The major changes were a faster hashing scheme,
and inline expansions of the ubiquitous byte-swapping functions.
.PP
Under certain circumstances, when output was blocked,
attempts by the remote login process
to send output to the user were rejected by the system,
although a prior \fIselect\fP call had indicated that data could be sent.
This resulted in continuous attempts to write the data until the remote
user restarted output.
This problem was initially avoided in the remote login handler,
and the original problem in the kernel has since been corrected.
.NH 3
The C Run-time Library
.PP
Several people have found poorly tuned code
in frequently used routines in the C library [Lankford84].

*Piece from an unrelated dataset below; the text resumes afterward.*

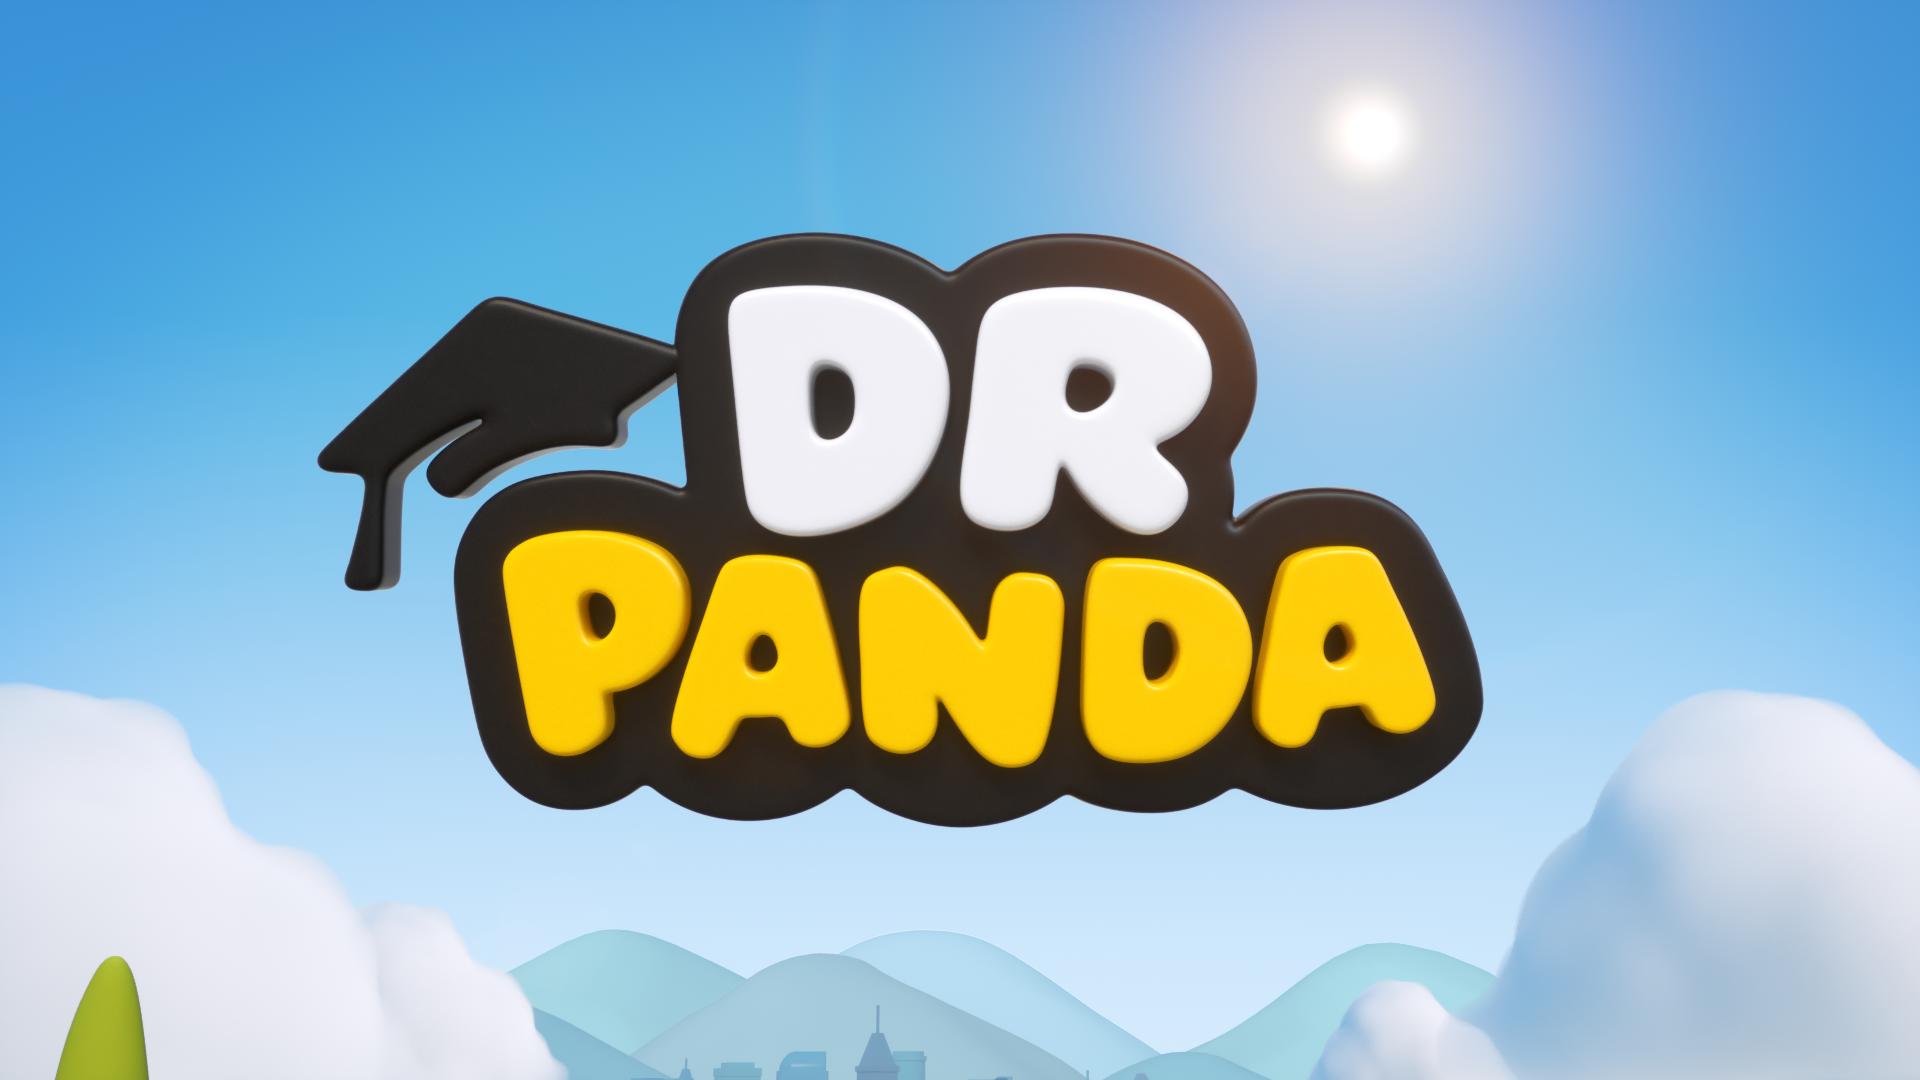 drPandaTitles_765.png

In particular the running time of the string routines can be
cut in half by rewriting them using the VAX string instructions.
The memory allocation routines have been tuned to waste less
memory for memory allocations with sizes that are a power of two.
Certain library routines that did file input in one-character reads
have been corrected.
Other library routines including \fIfread\fP and \fIfwrite\fP
have been rewritten for efficiency.
.NH 3
Csh
.PP
The C-shell was converted to run on 4.2BSD by
writing a set of routines to simulate the old jobs library.
While this provided a functioning C-shell,
it was grossly inefficient, generating up
to twenty system calls per prompt.
The C-shell has been modified to use the new signal
facilities directly,
cutting the number of system calls per prompt in half.
Additional tuning was done with the help of profiling
to cut the cost of frequently used facilities.